Conclusion: The 2014 Wilson Research Group Functional Verification Study

Impact of Design Size on First Silicon Success

This blog is a continuation of a series of blogs related to the 2014 Wilson Research Group Functional Verification Study (click here).  In my previous blog (click here), I present verification results findings in terms of schedules, number of required spins, and classification of functional bugs. In this blog, I conclude the series on the 2014 Wilson Research Group Functional Verification Study by providing a deeper analysis of respins by design size.

It’s generally assumed that the larger the design—the increased likelihood of the occurrence of bugs.
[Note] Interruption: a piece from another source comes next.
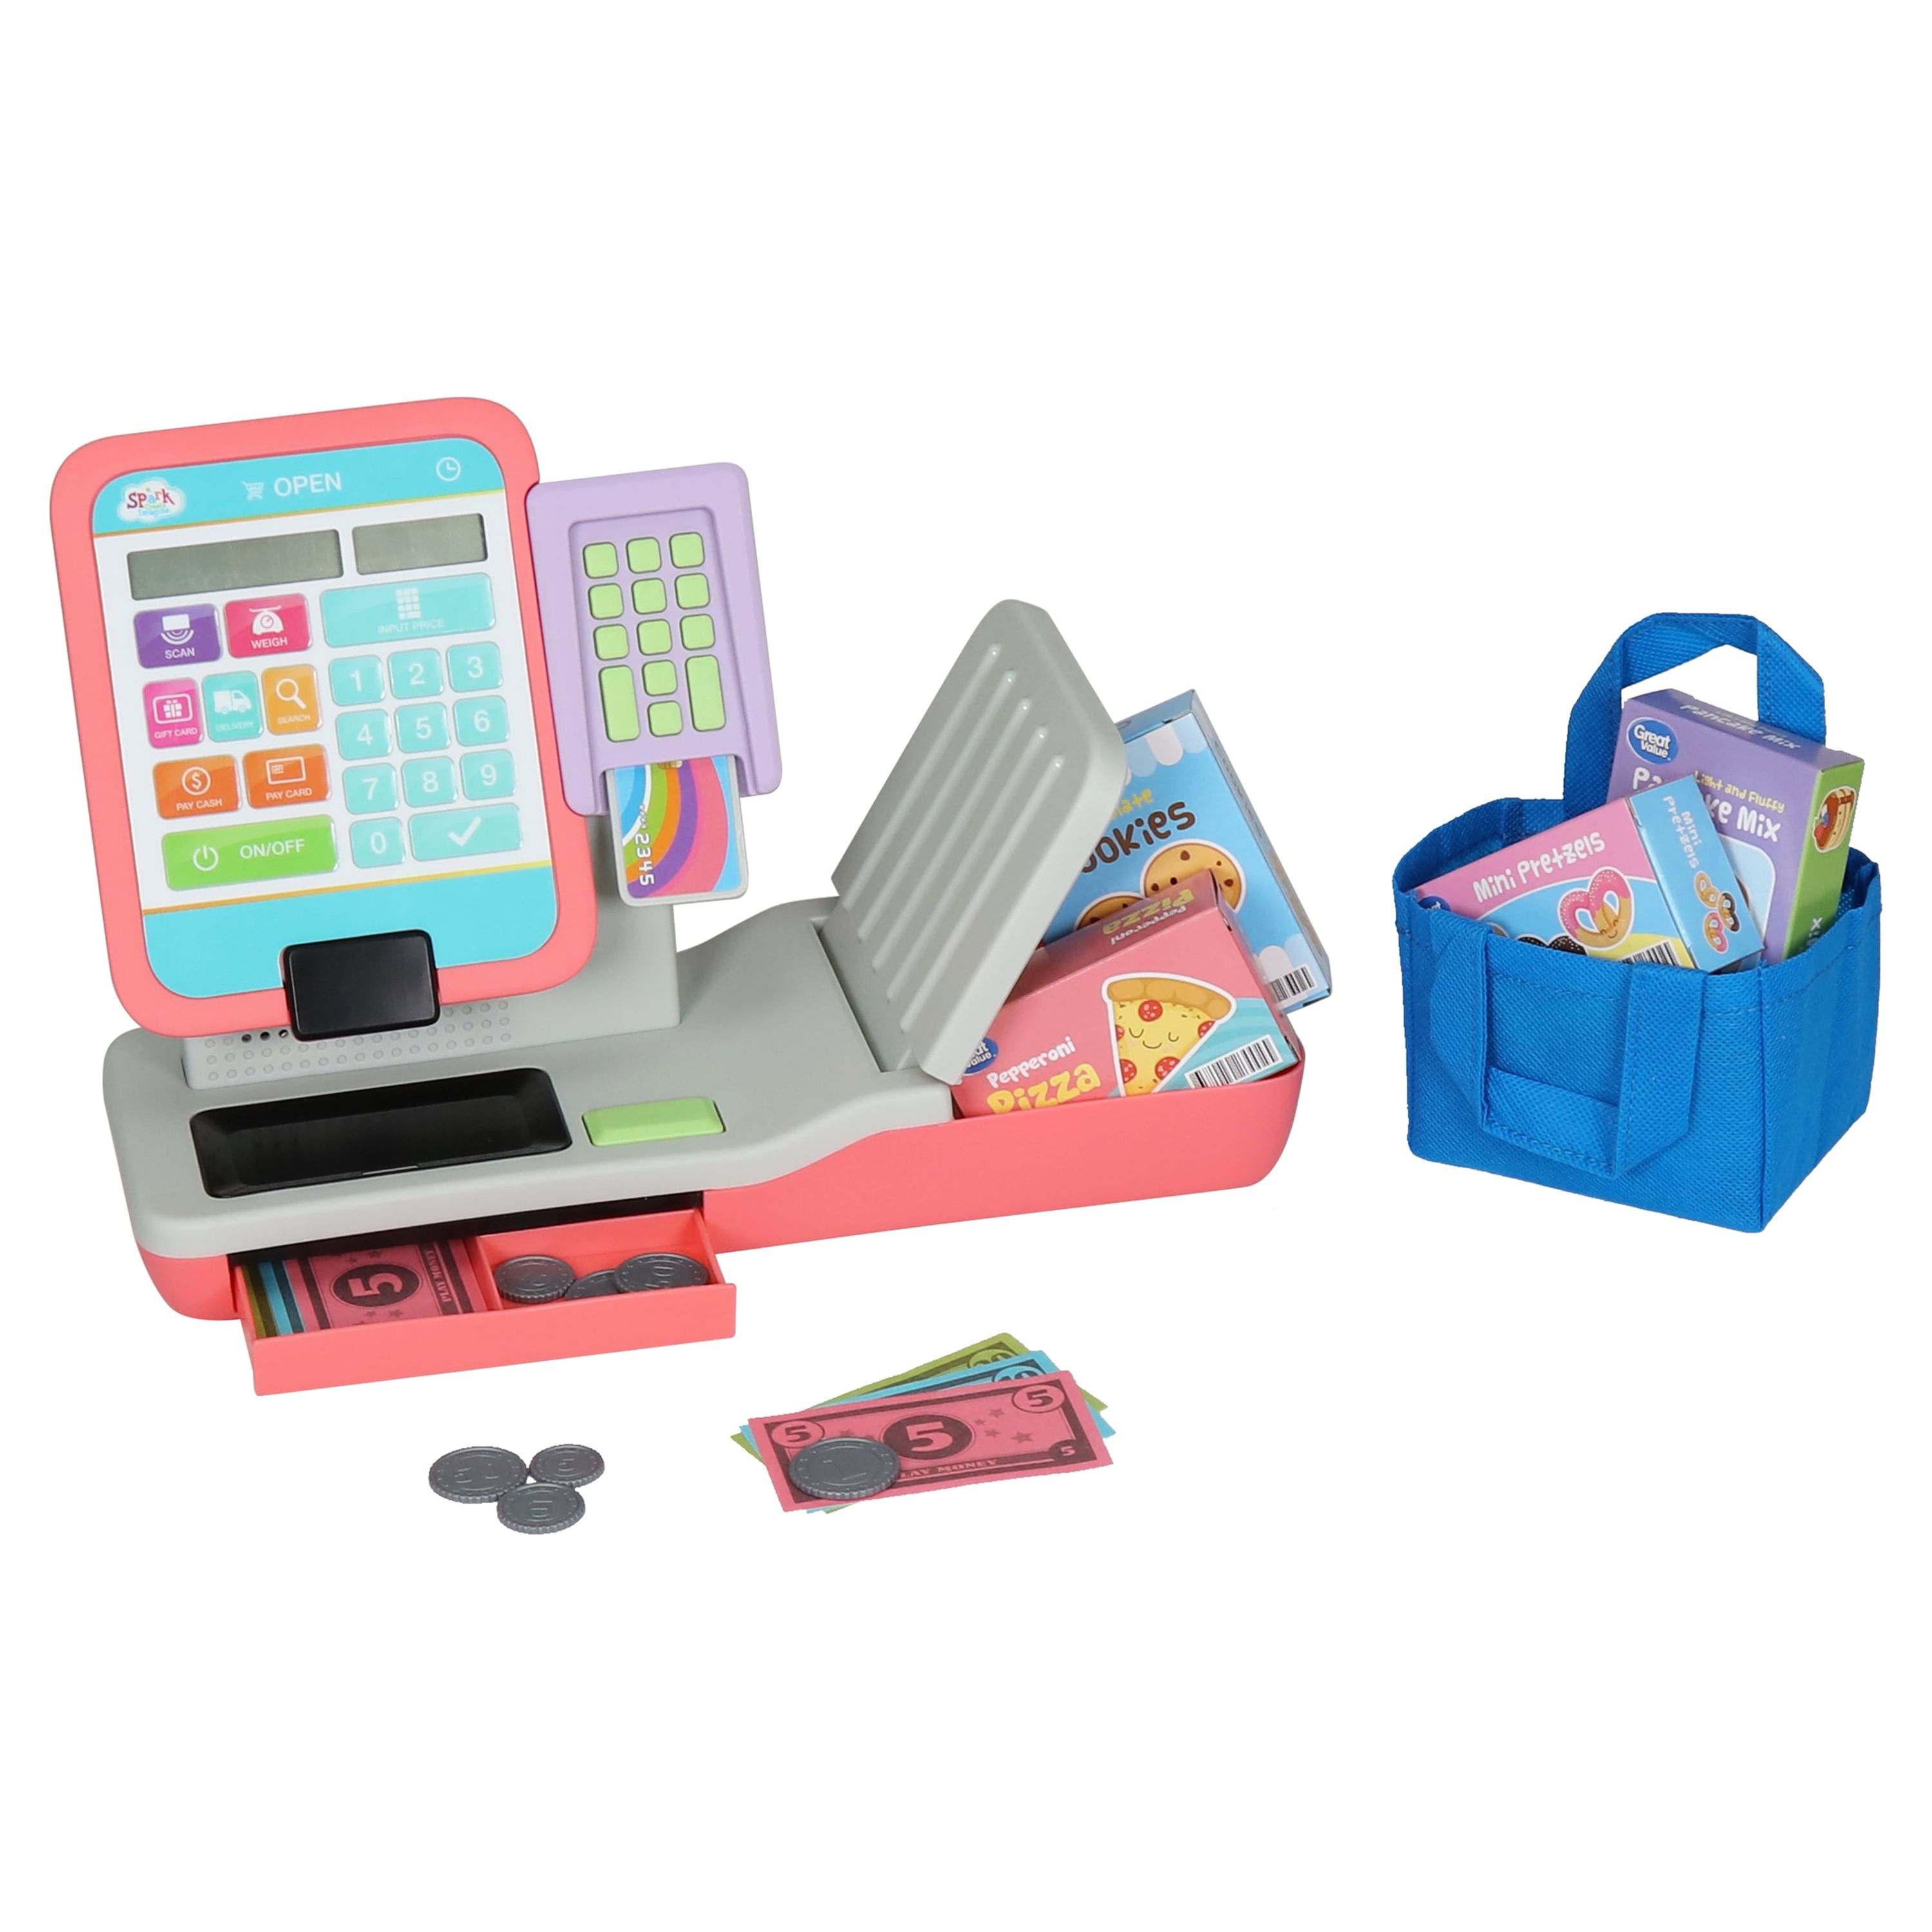 Spark Create Imagine Check Out Station Play Cash Register with Play Money, 21 Pieces - image 3 of 6

Yet, a question worth answering is how effective projects are at finding these bugs prior to tapeout.

In Figure 1, we first extract the 2014 data from the required number of spins trends presented in my previous blog (click here), and then partition this data into sets based on design size (that is, designs less than 5 million gates, designs between 5 and 80 million gates, and designs greater than 80 million gates). This led to perhaps one of the most startling findings from our 2014 study. That is, the data suggest that the smaller the design—the less likelihood of achieving first silicon success! While 34 percent of the designs over 80 million gates achieve first silicon success, only 27 percent of the designs less than 5 million gates are able to achieve first silicon success. The difference is statistically significant.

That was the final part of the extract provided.